Fixes a bug in the new timeline code in which the limit query parameter wasn't always being fulfilled, in which case some clients like Tusky would then assume it didn't need to add a "load more" placeholder view even when there were more statuses to be loaded. This also fiddles around a bit in the logging middleware handler to add some more code comments, and add logging of full request URIs when it is safe to do so.

## Checklist

- [x] I/we have read the [GoToSocial contribution guidelines](https://codeberg.org/superseriousbusiness/gotosocial/src/branch/main/CONTRIBUTING.md).
- [x] I/we have discussed the proposed changes already, either in an issue on the repository, or in the Matrix chat.
- [x] I/we have not leveraged AI to create the proposed changes.
- [x] I/we have performed a self-review of added code.
- [x] I/we have written code that is legible and maintainable by others.
- [x] I/we have commented the added code, particularly in hard-to-understand areas.
- [ ] I/we have made any necessary changes to documentation.
- [x] I/we have added tests that cover new code.
- [x] I/we have run tests and they pass locally with the changes.
- [x] I/we have run `go fmt ./...` and `golangci-lint run`.
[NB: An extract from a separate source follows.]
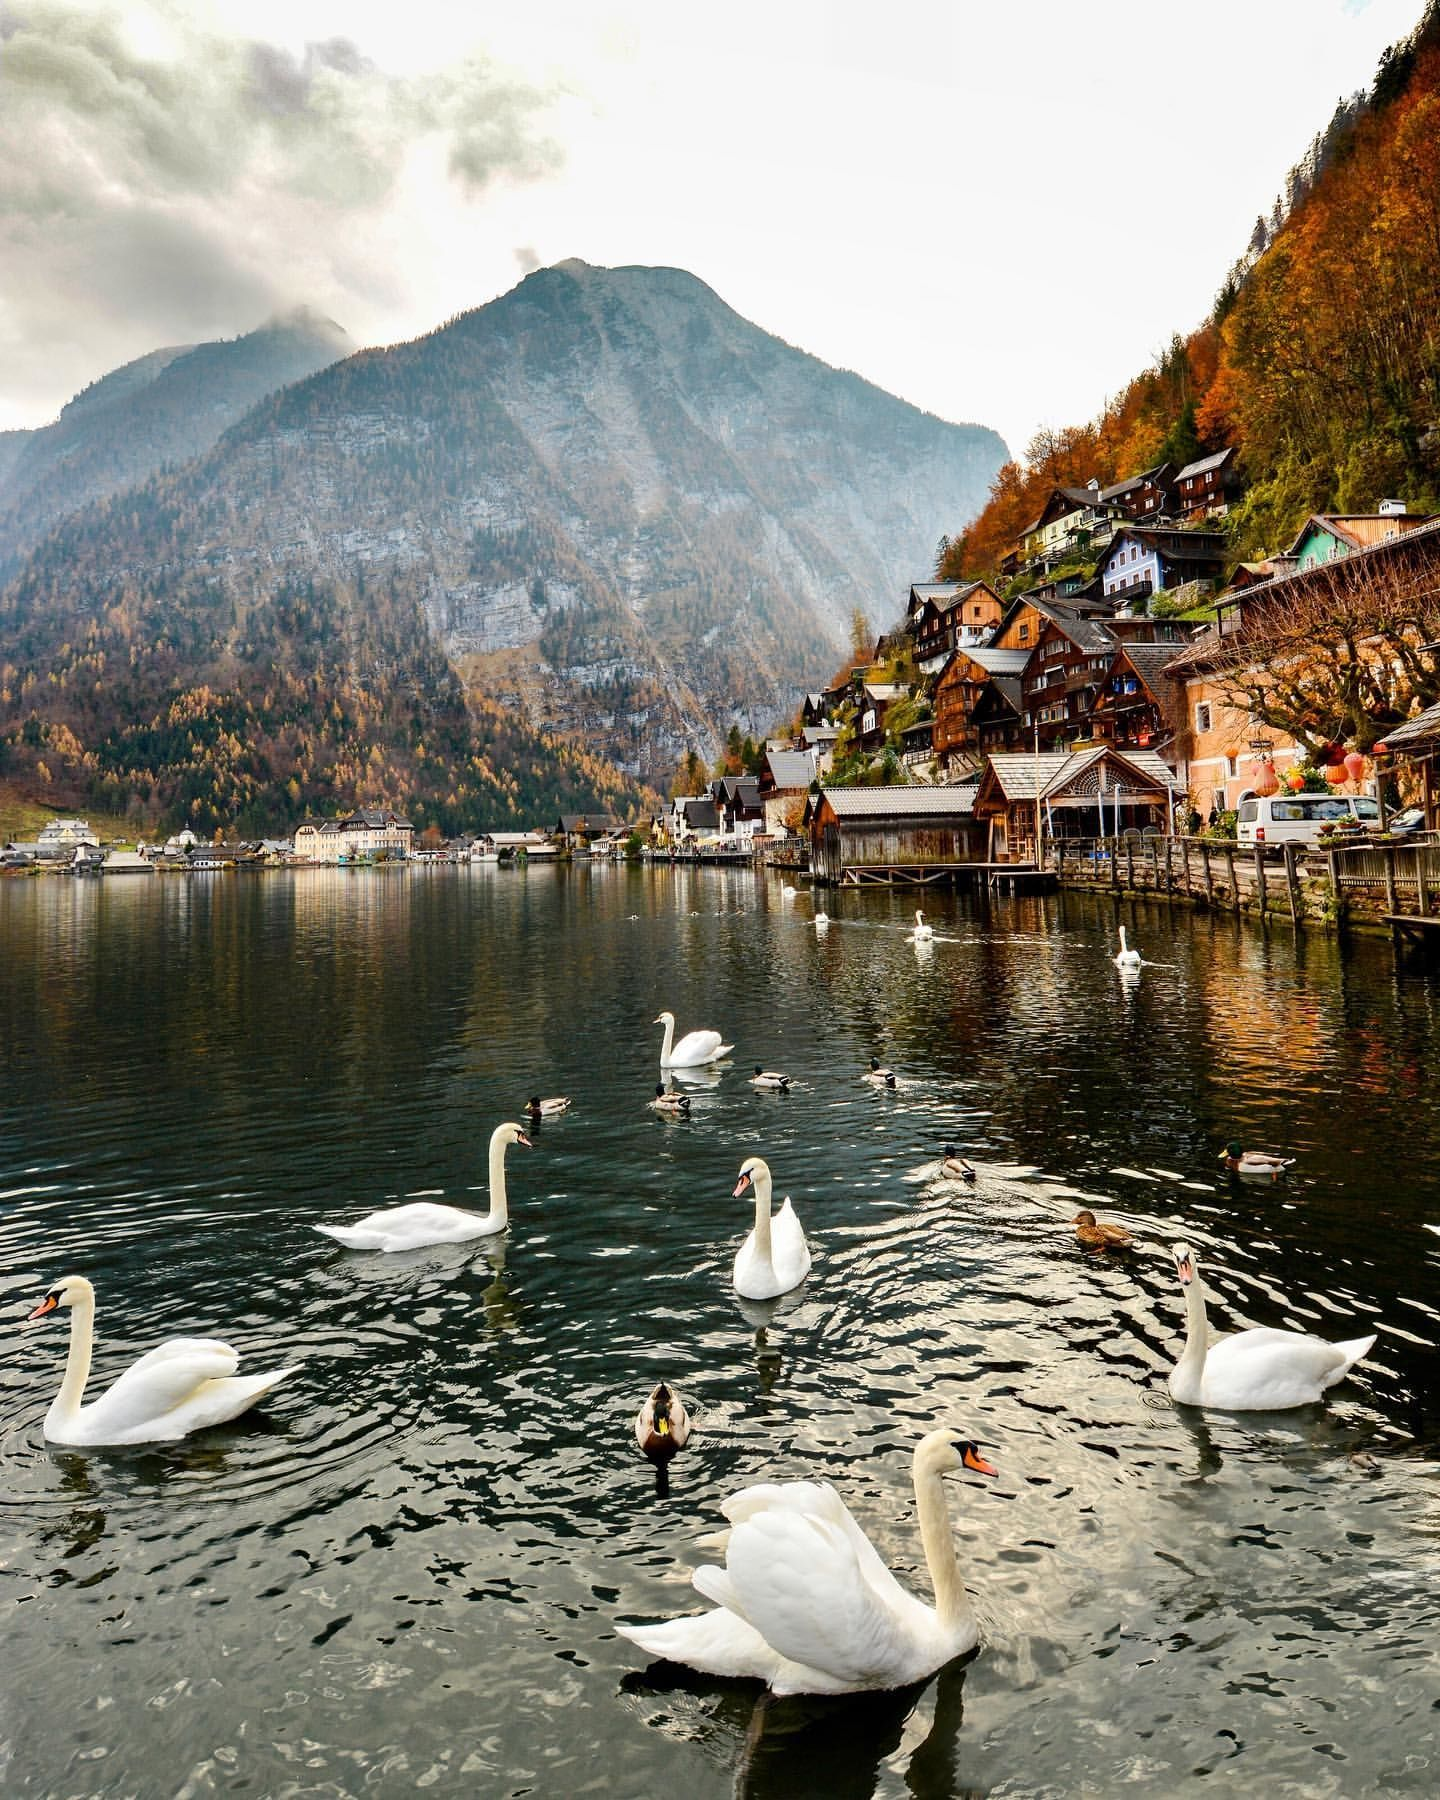 """You don't have to be rich to travel well."" – Eugene Fodor  . . Post by @wanderlust.rachel . . #hallstatt #austrianalps #austriatoday #austrianblogger #austriagram #nikonphotography #europe_pics #europe_ig #europe_photogroup #dnescestujem #globetrotter #tasteintravel #timeoutsociety #mytinyatlas #gltlove #travelcommunity #seetheworld #roamtheplanet #igworldclub #sidewalkerdaily #traveltagged #lifewelltravelled #earthpix #earth_pix #fallphotography #autumnvibes #autumncolours"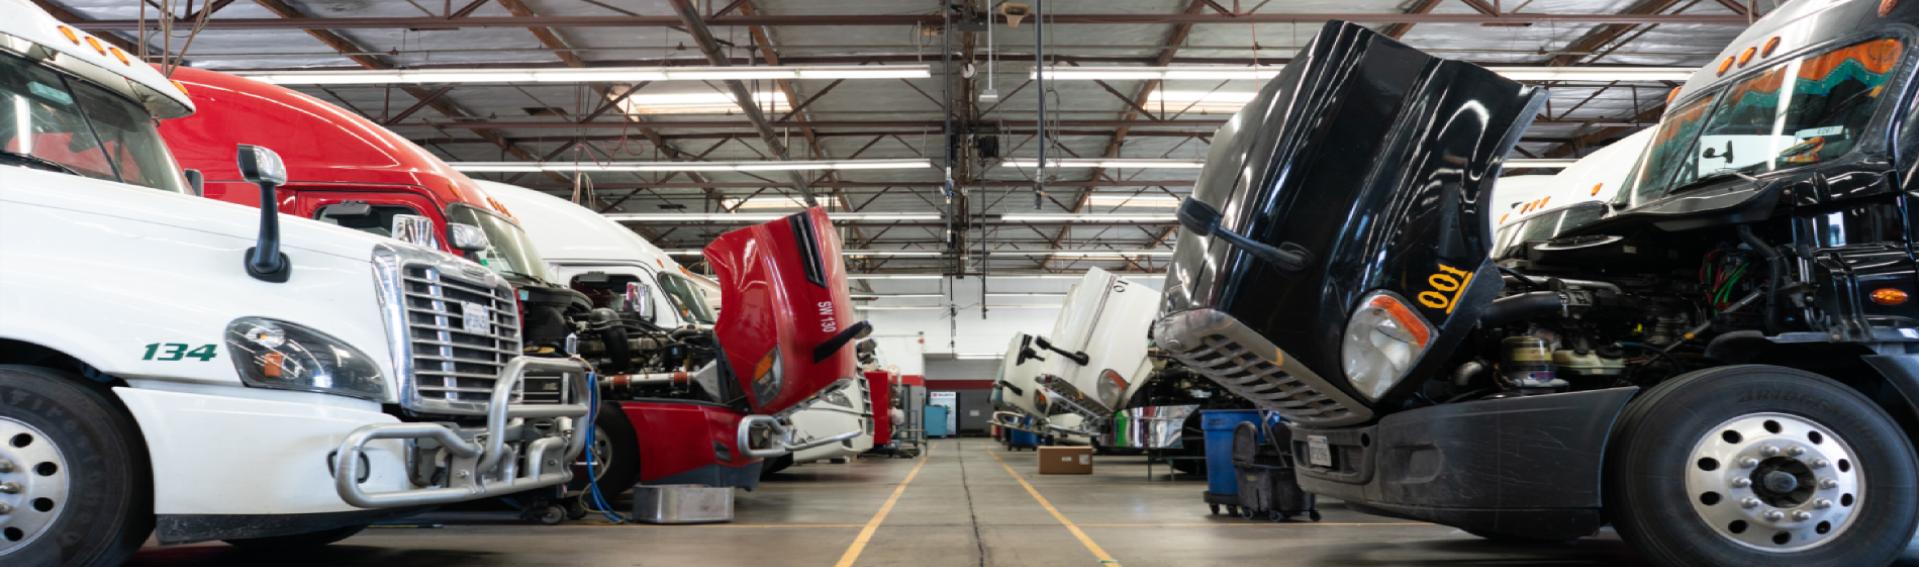 Ferguson Truck Center Provides Superior Advantage Over Dealership Fleet Services

Reviewed-on: https://codeberg.org/superseriousbusiness/gotosocial/pulls/4141
Co-authored-by: kim <grufwub@gmail.com>
Co-committed-by: kim <grufwub@gmail.com>

internal/api/client/streaming/stream.go

@@ -170,7 +170,6 @@ func (m *Module) StreamGETHandler(c *gin.Context) {
 
 	// Prefer query token else use header token.
 	token := cmp.Or(queryToken, headerToken)
-
 	if token != "" {
 
 		// Token was provided, use it to authorize stream.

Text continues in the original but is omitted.